Corbran, along with other parents, launched a petition in January via the website Action Network, under the name “Concerned Parents and Community Members of Montclair, NJ,” calling for hybrid and in-person learning to be made available, at a time when Montclair school buildings remained closed. The district had intended to start a hybrid learning schedule that month, but a dispute with the Montclair Education Association pushed back the start of hybrid learning in the 2020-21 school year until April for elementary school students, and later for other students. 

The one-to-one initiative will bring the Montclair district up to par with other districts that already have similar programs, Ponds said at the board meeting. 

“The one-to-one program is an educational program,” Ponds said. “It is not to have our students on computers constantly like they were in the hybrid and virtual model. That is not the intent, and it's not going to be used that way.”

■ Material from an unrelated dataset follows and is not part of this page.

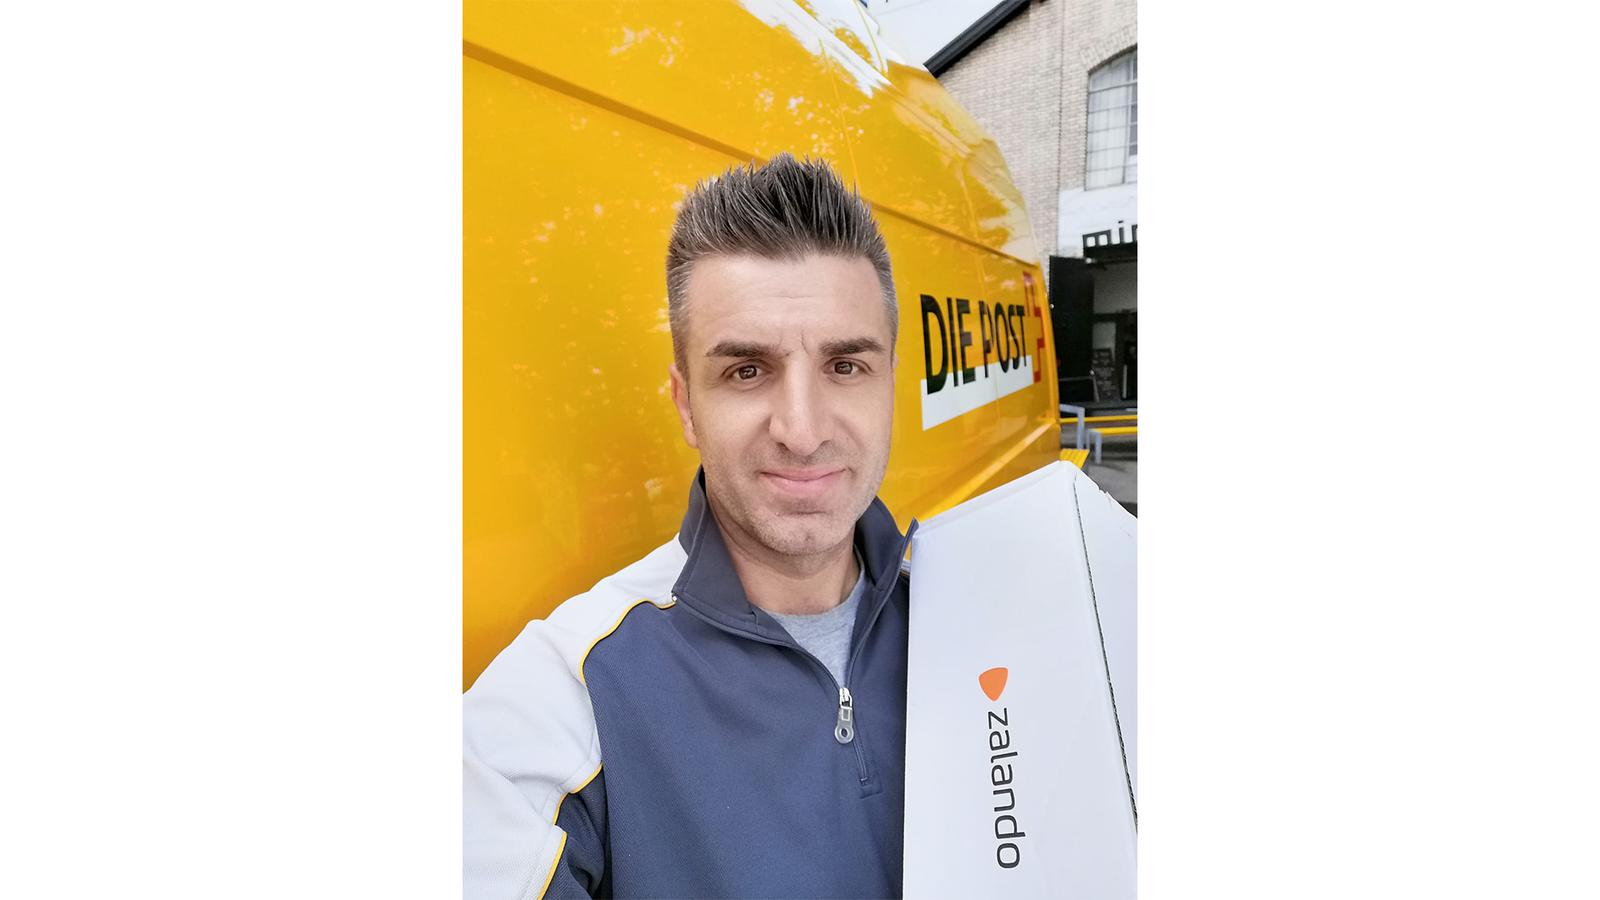 Goran arbeitet als Päcklizusteller bei der Post. (© Radio 24)

In March, Gov. Phil Murphy declared that the state’s “digital divide is no more,” signaling the completion of an effort to get a device and internet access to any student identified as in need of technology for remote instruction. Early in the pandemic, the state estimated 231,000 of New Jersey’s 1.4 million public school students needed either a device, connectivity or both.

Early in the 2020-21 school year, the district struggled to get devices to students, facing both supply shortages and difficulties assessing needs — with school officials following up multiple times on surveys to families about what level of access they had. It’s a process Ponds, in a conversation with Montclair Local, described as “whack-a-mole,” crediting Graber and other staff for their follow-through.

Murphy stressed in March the laptops “are not just for home instruction. They’re just as critical as any textbook.”